Thanks for the comments, CO. I think that question may be moot, anyway, as it seems creosoted RR ties are at least difficult to find, if they can even be had, anymore. At least here in MI.

My wife expanded on the conversation she had with a big local lumber yard yesterday. Apparently they claimed "nobody" bothers with pilings or concrete pads for sheds the size of what we're talking about. They also claim retention for the crushed stone or gravel is unnecessary, as well.

Jim


----------



## charliek2 (May 10, 2011)

I've done a couple and I just level the ground, put down two rolls of chain link and then 4" of gravel. You get ventilation, up off the ground, the groundhogs are discouraged by the chain link and the gravel, and you'll get 20 years out of it at least if it is built on a skid of pressure treated 4 X 4's.


----------



## Canarywood1 (May 5, 2012)

More Power! said:


> I'll get it quoted tomorrow, but I'm _told_ a 4" concrete slab, 14'x12', would be "expensive." My labour suggests they'll need about eight yards of crushed stone at $20/yd.
> 
> 
> They won't be directly structurally critical. They're only to keep the crushed stone from "migrating" away from the structure.
> ...


----------



## More Power! (Aug 2, 2011)

*What We Finally Did*

So here's what we finally did:










That's ten used railroad ties, 1-1/4 gallons of turpentine/linseed oil mix ("booster shot" for the creosote treatment), eight corner brackets and four straps, 72 ea. 5/16" x 3" lag bolts, twenty ea. 1/2" x 18" pieces of rebar, approximately six square yards of crushed stone--filling the foundation to 6-8" of depth, four guys, one woman and a boatload of power- and hand-tools 

The gravel walkway was an unplanned bonus, when we found ourselves with an extra yard or so of crushed stone (7-1/2 yards, in total, were purchased).

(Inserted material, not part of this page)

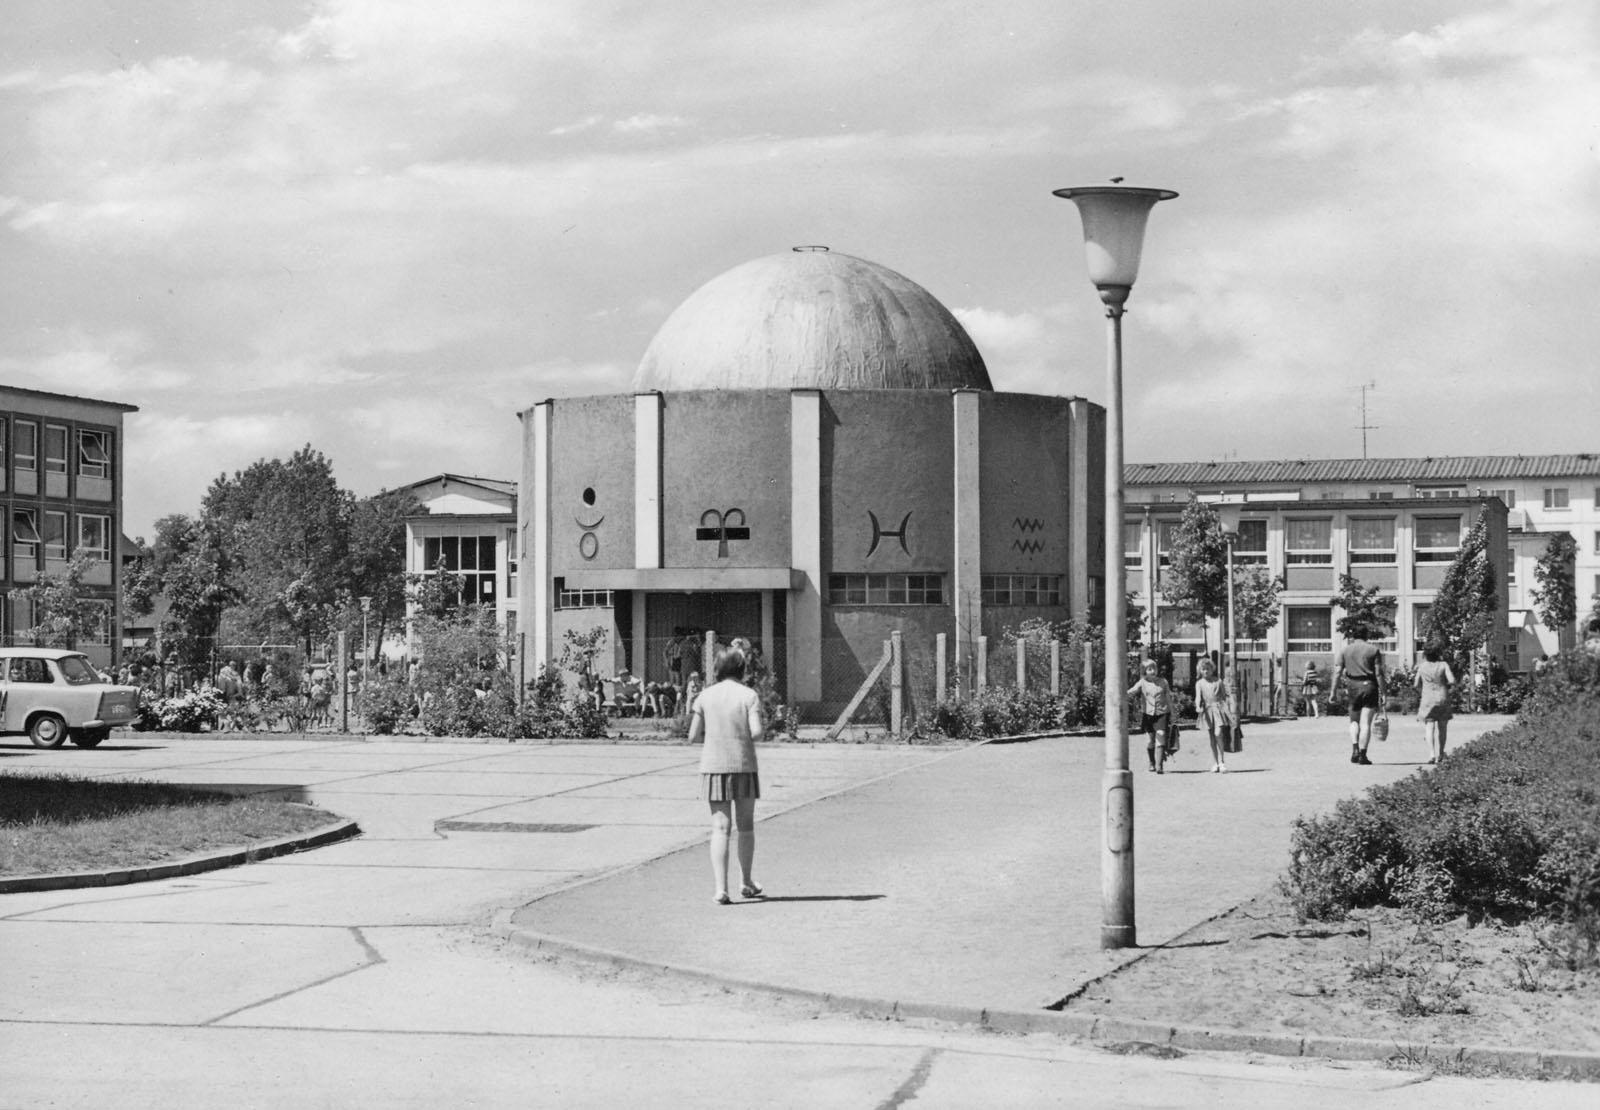 Wohnkomplex VI um 1970

I strongly suspect that foundation will outlive both my wife and I.

Jim


----------



## TexasWilson80 (Apr 7, 2021)

More Power! said:


> *What We Finally Did*
> 
> So here's what we finally did:
> 
> ...


Not sure if you still look at this site, but how is that foundation holding up? I'm building the same size shed and live in Texas where frost isn't really a thing and that looks pretty stable to me.


----------